Reputation: 293
Background:
I have a column that should get user input in form of "Description text ref12345678". I have existing scripts that grab the reference number but unfortunately some users add it incorrectly so instead of "ref12345678"
it can be "ref 12345678"
, "RF12345678"
, "abcd12345678"
or any variation. Naturally the wrong formatting breaks some of the triggered scripts.
For now I can't control the user input to this field, so I want to make the scripts later in the pipeline just to get the number.
At the moment I'm stripping the letters with awk '{gsub(/[[:alpha:]]/, "")}; 1'
, but substitution seems like an inefficient solution. (I know I can do this also with sed -n 's/.*[a-zA-Z]//p'
and tr -d '[[:alpha:]]'
but they are essentially the same and I want awk for additional programmability).
The question is, is there a way to set awk to either print only numbers from a string, or set delimits to numeric items in a string? (or is substitution really the most efficient solution for this problem).
So in summary: how do I use awk for $ echo "ref12345678"
to print only "12345678" without substitution?
Upvotes: 26
Views: 112848
Reputation: 446
grep works perfectly :
$ echo "../Tin=300_maxl=9_rdx=1.1" | grep -Eo '[+-]?[0-9]+([.][0-9]+)?'
300
9
1.1
Step by step explanation:
-E
Use extended regex.
-o
Return only the matches, not the context
[+-]?[0-9]+([.][0-9]+)?+
Match numbers which are identified as:
[+-]?
An optional leading sign
[0-9]+
One or more numbers
([.][0-9]+)?
An optional period followed by one or more numbers.

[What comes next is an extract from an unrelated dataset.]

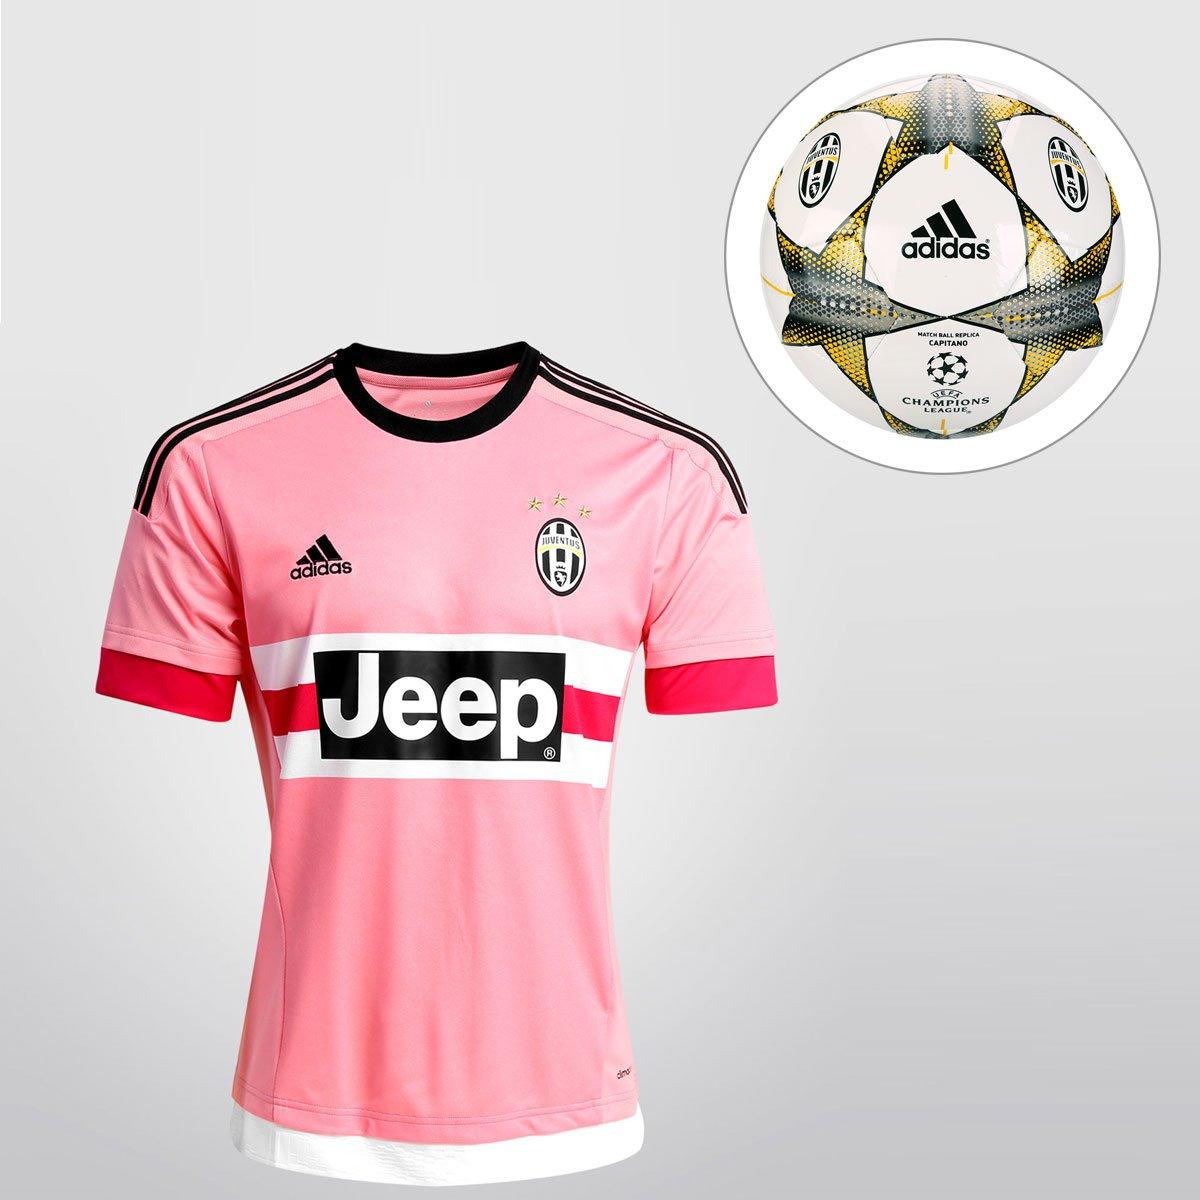 Kit Camisa Adidas Juventus Away 15 16 s nº + Bola Adidas Juventus Finale 15  Campo - Compre Agora  8dfed5da75136

it is convenient to put the output in an array
arr=($(echo "../Tin=300_maxl=9_rdx=1.1" | grep -Eo '[+-]?[0-9]+([.][0-9]+)?'))
and then use it like this
Tin=${arr[0]}
maxl=${arr[1]}
etc..
Upvotes: 3
Reputation: 2175
In AWK you can specify multiple conditions like:
($3~/[[:digit:]+]/ && $3 !~/[[:alpha:]]/ && $3 !~/[[:punct:]]/ ) {print $3}
will display only digit without any alphabet and punctuation. with !~ means not contain any.
Upvotes: 5
Reputation: 169
You can also try the following with awk assuming there will be only one number in a string:
awk '{print ($0+0)}'
This converts your entire string to numeric, and the way that awk is implemented only the values that fit the numeric description will be left. Thus for example:
echo "19 trees"|awk '{print ($0+0)}'
will produce:
19
Upvotes: 16
Reputation: 23364
Another option (assuming GNU awk
) involves specifying a non-numeric regular expression as a separator
awk -F '[^0-9]+' '{OFS=" "; for(i=1; i<=NF; ++i) if ($i != "") print($i)}'
Upvotes: 2
Reputation: 195049
if awk is not a must:
grep -o '[0-9]\+'
example:
kent$ echo "ref12345678"|grep -o '[0-9]\+'
12345678
with awk for your example:
kent$ echo "ref12345678"|awk -F'[^0-9]*' '$0=$2'
12345678
Upvotes: 43